Let's create some language models of different orders from *Pride and Prejudice*.

In [8]:
ngram0 = NgramModel(sequences[:max_sequences], order=0)

['Chapter', '1', 'It', 'is', 'a', 'truth', 'universally', 'acknowledged', ',', 'that', 'a', 'single', 'man', 'in', 'possession', 'of', 'a', 'good', 'fortune', ',', 'must', 'be', 'in', 'want', 'of', 'a', 'wife', '.', '[END]']
Context:                                                    Next: Chapter
Context:                                                    Next: 1
Context:                                                    Next: It
Context:                                                    Next: is
Context:                                                    Next: a
Context:                                                    Next: truth
Context:                                                    Next: universally
Context:                                                    Next: acknowledged
Context:                                                    Next: ,
Context:                                                    Next: that
Context:                                                   

In [9]:
ngram1 = NgramModel(sequences[:max_sequences], order=1)
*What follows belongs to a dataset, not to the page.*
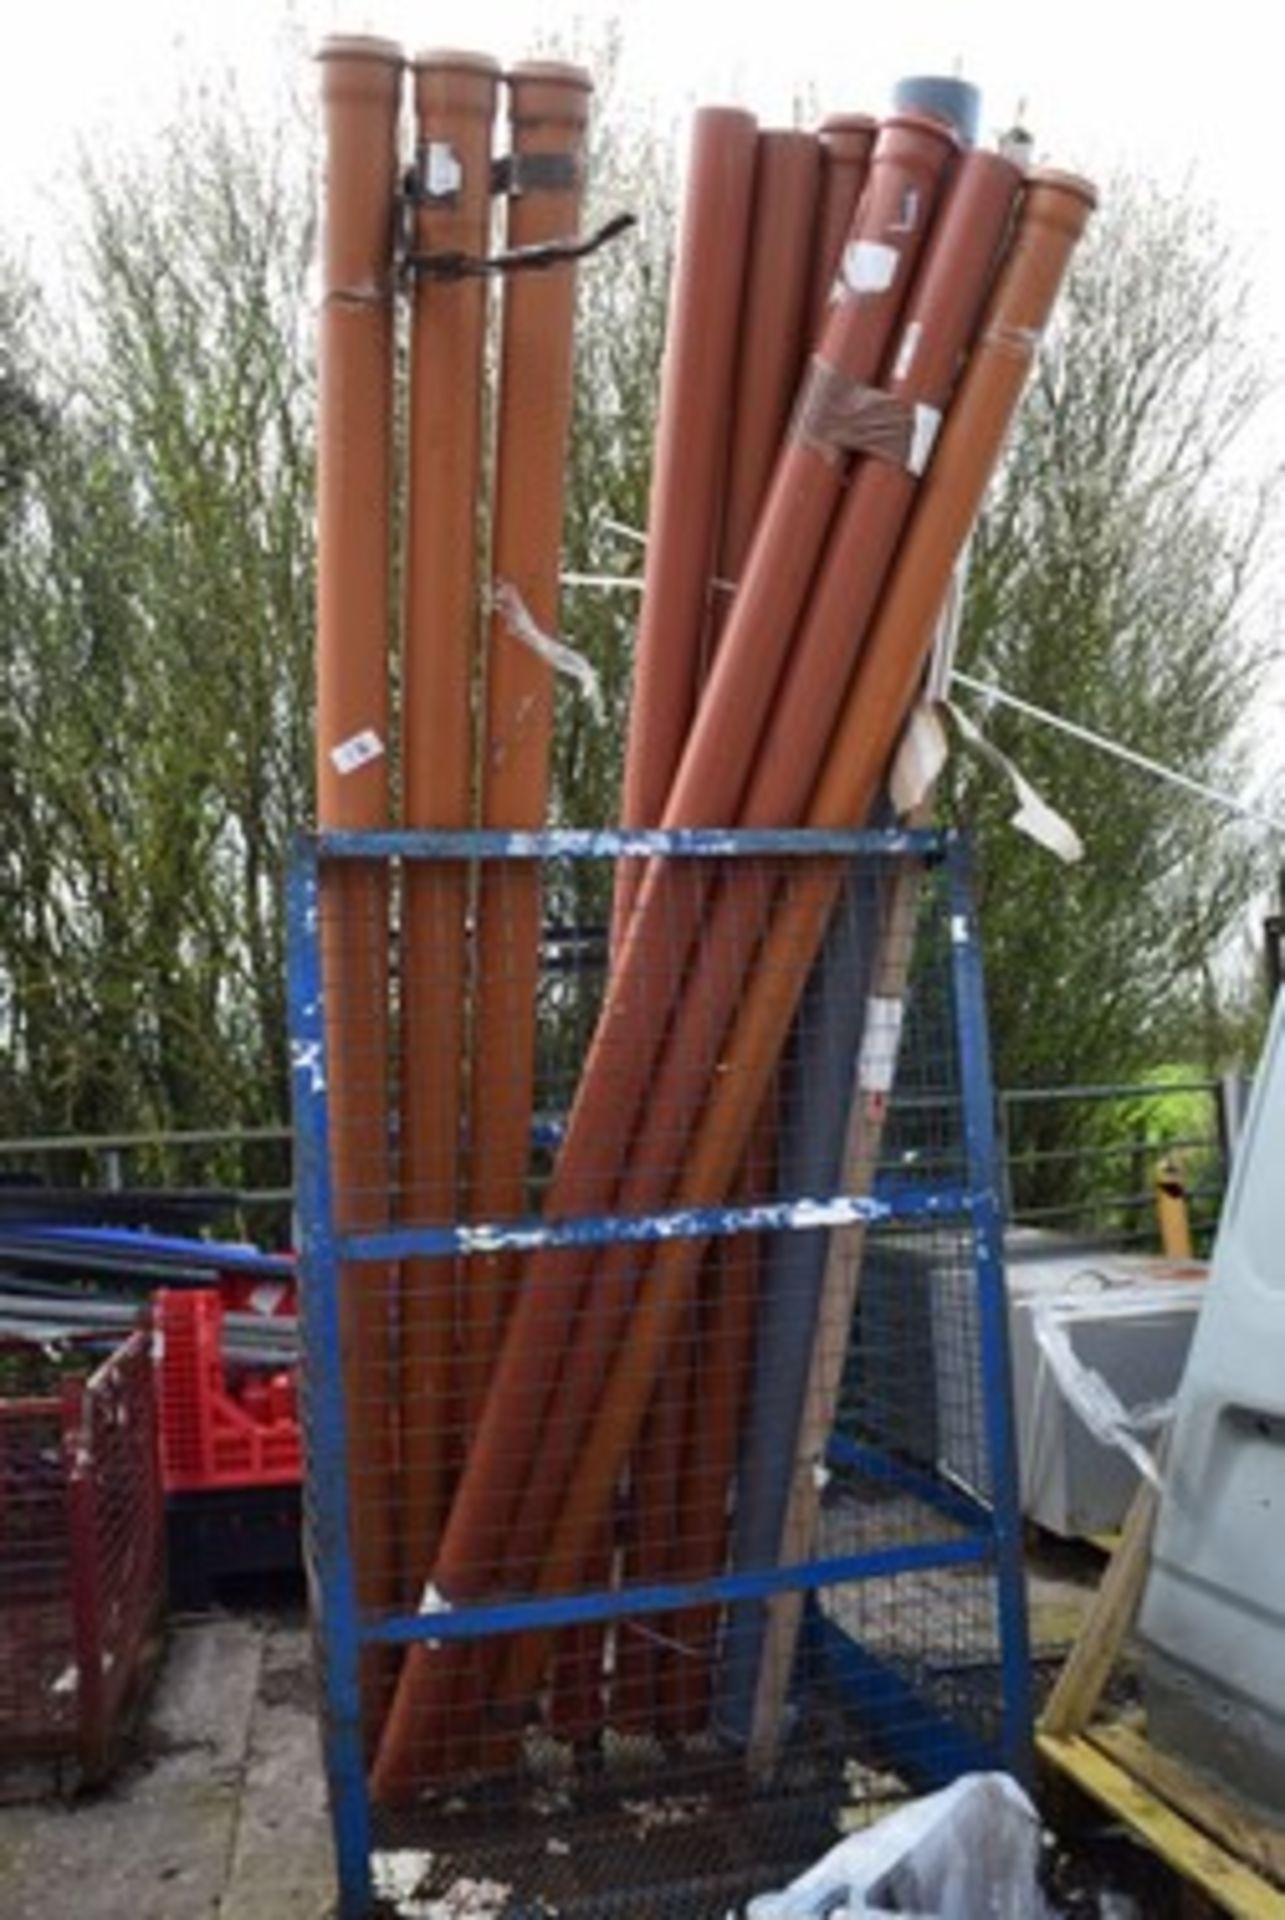 7 x approximately 3m long underground pipes, together with 2 x approximate 3m long slotted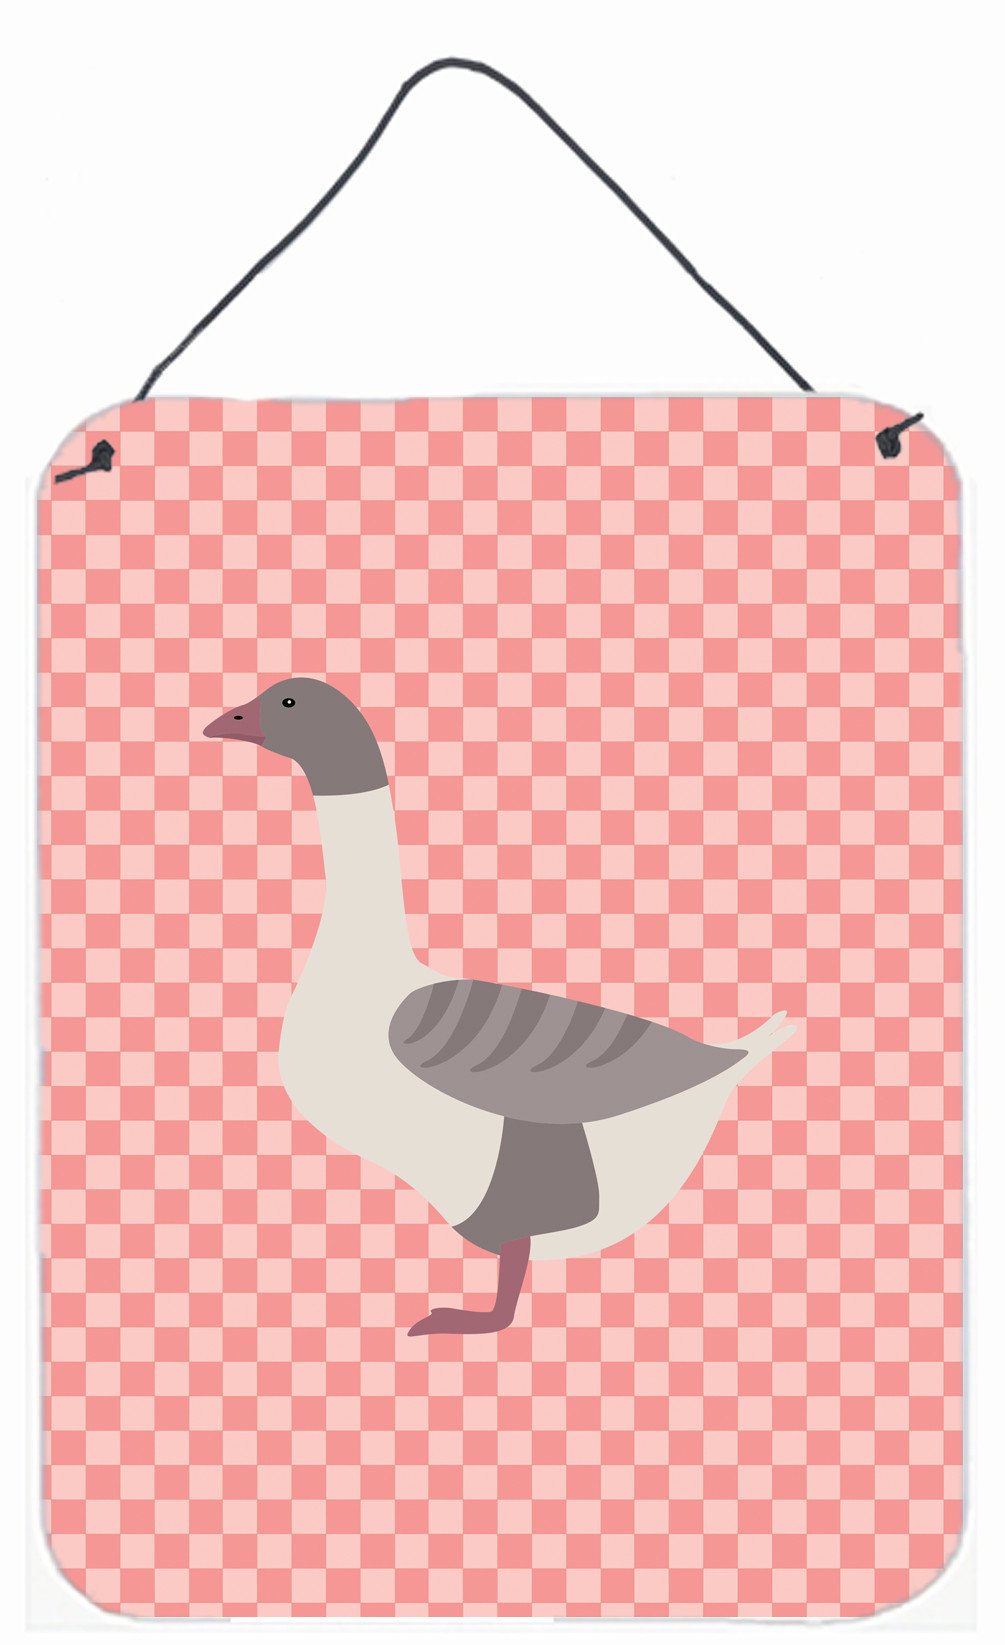 Buff Grey Back Goose Pink Check Wall or Door Hanging Prints BB7901DS1216 by Caroline's Treasures

['[START]', 'Chapter', '1', 'It', 'is', 'a', 'truth', 'universally', 'acknowledged', ',', 'that', 'a', 'single', 'man', 'in', 'possession', 'of', 'a', 'good', 'fortune', ',', 'must', 'be', 'in', 'want', 'of', 'a', 'wife', '.', '[END]']
Context: [START]                                            Next: Chapter
Context: Chapter                                            Next: 1
Context: 1                                                  Next: It
Context: It                                                 Next: is
Context: is                                                 Next: a
Context: a                                                  Next: truth
Context: truth                                              Next: universally
Context: universally                                        Next: acknowledged
Context: acknowledged                                       Next: ,
Context: ,                                                  Next: that
Context: that                                   

In [10]:
ngram2 = NgramModel(sequences[:max_sequences], order=2)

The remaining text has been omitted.